In einer Zeit, in der Deutschland einen Mangel an Steuerberatern erlebt, stellt das Berliner Startup Accountable den ersten KI-Steuerassistenten vor, der speziell für die Bedürfnisse von Selbstständigen konzipiert ist. Dieses Werkzeug, entwickelt als Antwort auf die steigende Nachfrage nach steuerlicher Unterstützung, setzt künstliche Intelligenz ein, um eine präzise, automatisierte und personalisierte Verwaltung von Steuer- und Finanzangelegenheiten zu ermöglichen. Der Assistent nutzt aktuelle Steuerinformationen, fundiertes Expertenwissen und Erfahrungen mit über 65.000 Steuererklärungen, um individuelle, proaktive Beratung und Lösungen zu bieten.

Tino Keller, Mitgründer und Geschäftsführer von Accountable, erklärt: „Ich bin überzeugt, dass Künstliche Intelligenz den traditionellen Steuerberater für 90 Prozent der Anfragen von Selbstständigen ersetzen kann. Damit bauen wir den führenden KI-Steuerassistenten für Selbstständige in Deutschland.”

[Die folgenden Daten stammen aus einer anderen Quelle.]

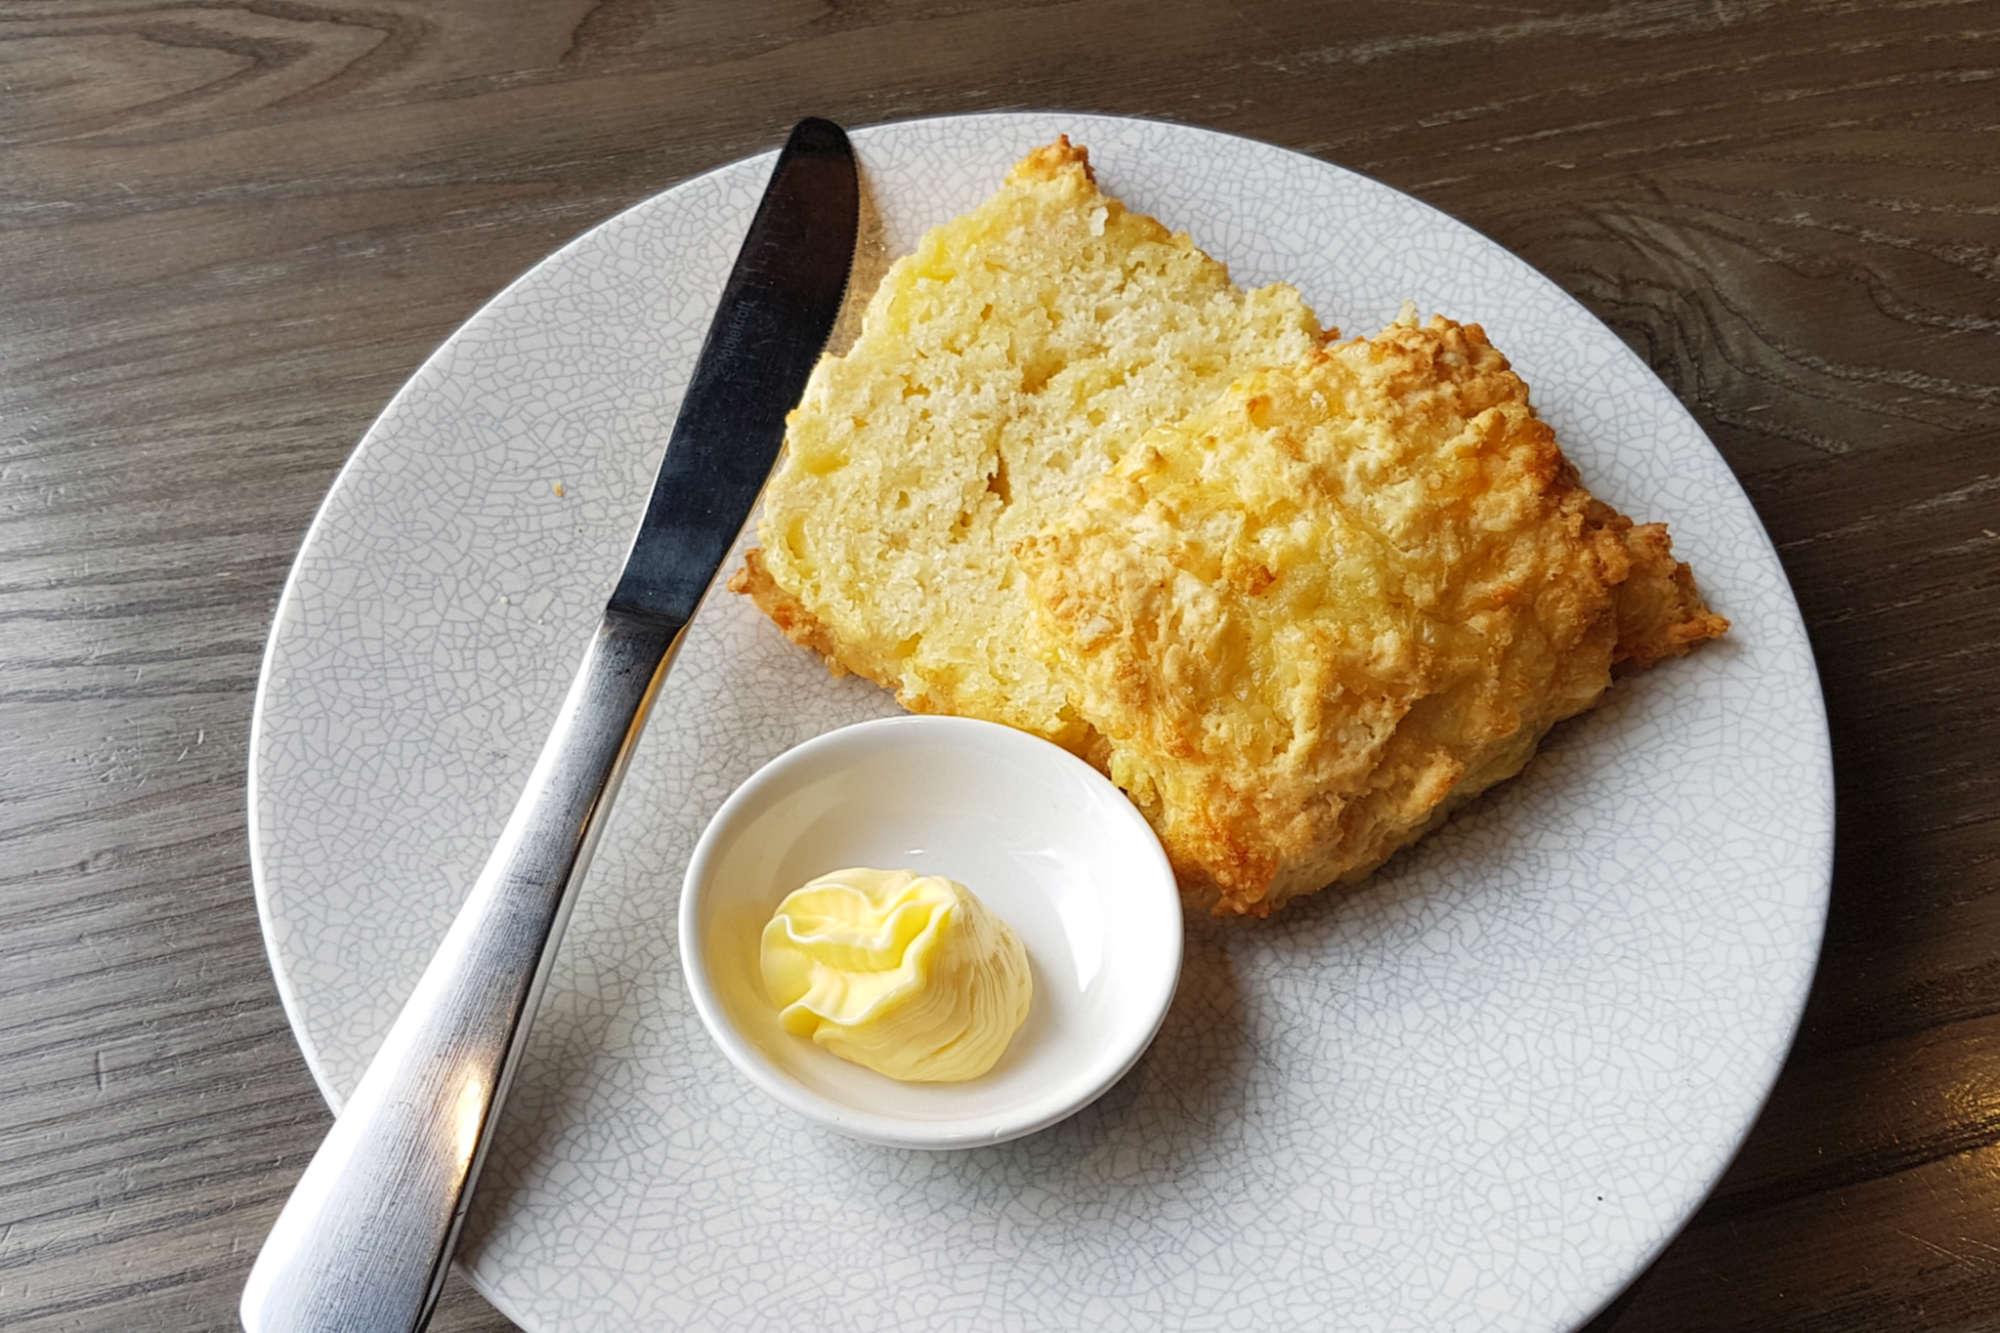 Bellbird Eatery - cheese scone

Personalisierte und proaktive Hilfe durch Künstliche Intelligenz

Der KI-Steuerassistent von Accountable schöpft aus aktuellen Steuerinformationen, fundiertem Expertenwissen und einer umfangreichen Datenbank, um Selbstständigen eine auf ihre individuellen Bedürfnisse zugeschnittene Beratung zu ermöglichen. Durch die intelligente Analyse der Buchhaltung des Nutzers kann der KI Assistent maßgeschneiderte Empfehlungen und Antworten geben, die dabei die individuelle Situation berücksichtigen. Durch Steuerchecks im Hintergrund und Unterstützung der automatisierten Ausgabenzuordnung kann der KI-Steuerassistent auch proaktiv Hilfe bieten – ähnlich einem Beratungsgespräch beim Steuerberater. Sollten Selbstständige zusätzlich persönliche Unterstützung benötigen, steht ein Team aus Steuer-Coaches bereit, um individuelle Anliegen zu besprechen.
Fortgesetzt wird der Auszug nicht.